Virtual Seminar Explores Data Dimensionality

In the DSI’s November virtual seminar, Alexander Cloninger of UC San Diego presented “Networks that Adapt to Intrinsic Dimensionality Beyond the Domain.” His talk focused on central questions in deep learning: the minimum size of the network needed to approximate a certain class of functions, and how the dimensionality of the data affects the number of points needed to learn such a network. He discussed his work in the context of two-sample testing, manifold autoencoders, and data generation.

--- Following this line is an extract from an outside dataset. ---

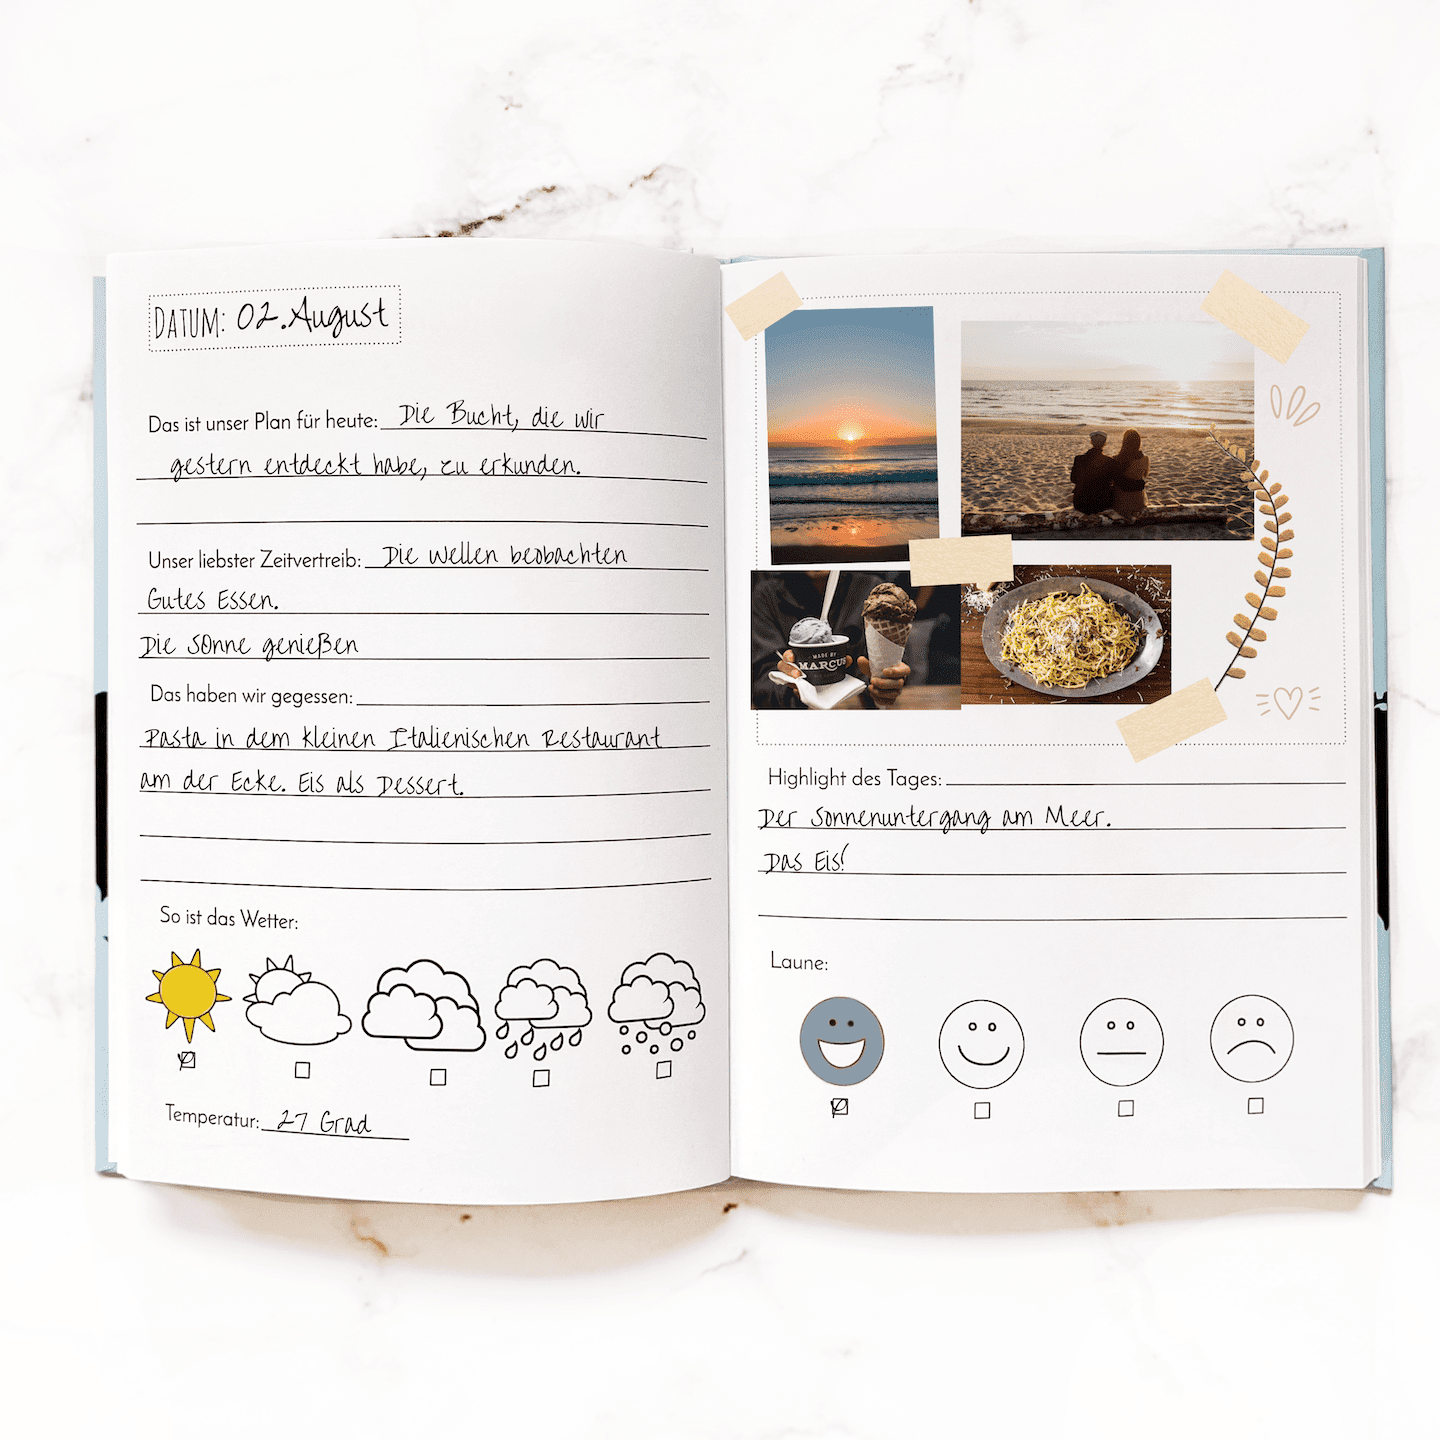 Reisetagebuch für Paare Ideen, Reisejournal selbst gestalten, Tagebuch Urlaub Inspiration, Reiseerinnerungen festhalten

Cloninger is an associate professor in the Department of Mathematical Sciences and the Halıcıoğlu Data Science Institute at UC San Diego. He received his PhD in Applied Mathematics and Scientific Computation from the University of Maryland. He researches problems in the area of geometric data analysis and applied harmonic analysis. A recording of the seminar will be posted to the YouTube playlist. The next seminar, scheduled for December 1, will be the DSI’s first in a hybrid format.

DSSI logo

Student Internship Application Deadline

The Data Science Summer Institute (DSSI) application window is now open through January 31. The 2023 program will run for 12 weeks and is open to both undergraduate and graduate students. Visit the DSSI website for information about how to apply, including a list of FAQs—or share this link with students who may be interested in an internship.

Class of 2022 intern Jonathan Anzules said of the program, “New technological advances and the cheapening of data acquisition have vastly expanded what is possible in bioinformatics. Things like predicting protein folding and interactions, which I previously believed impossible, are not anymore. My experience at LLNL has changed what I think is possible.”